In the never-ending race to stay a few steps ahead of the deluge of genomic data pouring out of our lab, CIDR recently acquired a new booster rocket in the form of the Bina Box, a highly optimized genomic analysis system from Bina Technologies. The main attraction is that it is fast: a single unit can process a whole 30X human genome in 7 to 9 hours, which is 2 times faster than it takes on our compute cluster. The system is a 4-node, 64-core genomic analysis appliance that runs best-practices workflows (e.g., BWA 0.7.8 with GATK 3.1) using state-of-the-art "big data" techniques to speed up the analyses, primarily by optimizing the complex tasks of job and data distribution.
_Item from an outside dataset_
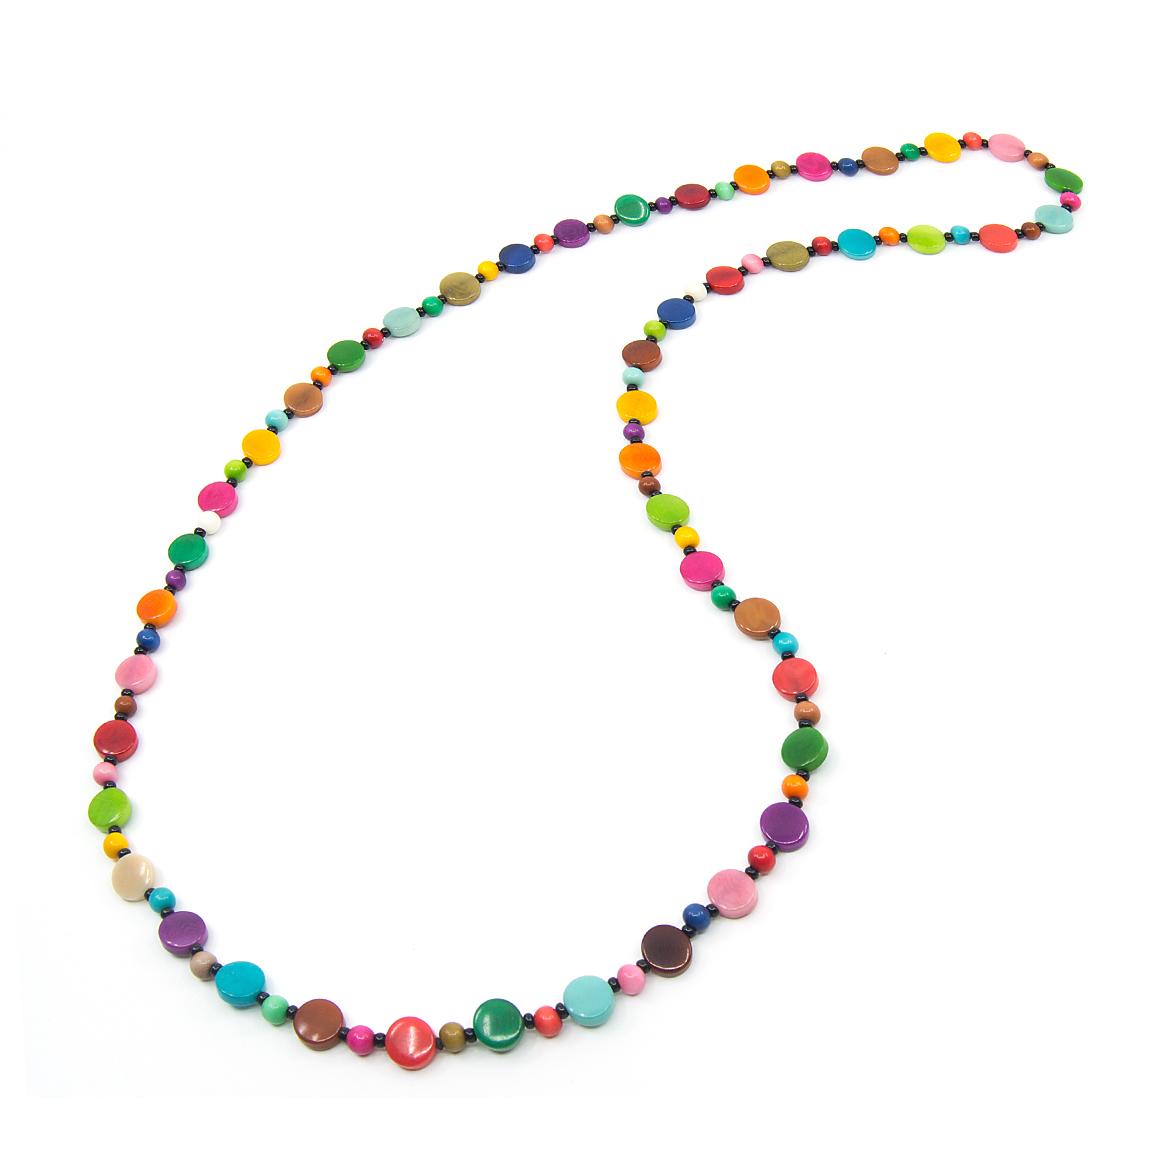 Colourfresh Tagua Necklace

Our R&D staff tracked Bina for two years as they refined their technology. Earlier this year we concluded successful WGS analysis tests on the Amazon cloud version of their product. After validating the results of those tests, we acquired a single unit of the Bina Genomic Analysis Platform, primarily with the intent to speed up whole genome analysis, but also with an eye to other potential uses such as a tumor/normal workflow. We are currently validating the Bina WGS workflow against the same analysis run on our own compute cluster, and the results have been increasingly indistinguishable. It also provides four structural variant callers, although these are not yet optimized for the system. Beyond research studies, due in part to the exceptionally short analysis turn-around time we are also considering the system for clinical (CAP/CLIA-certified) projects, which will depend on work Bina is currently pursuing to facilitate requirements for clinical studies (e.g., CAP's "Bioinformatics Pipelines for NGS" checklist).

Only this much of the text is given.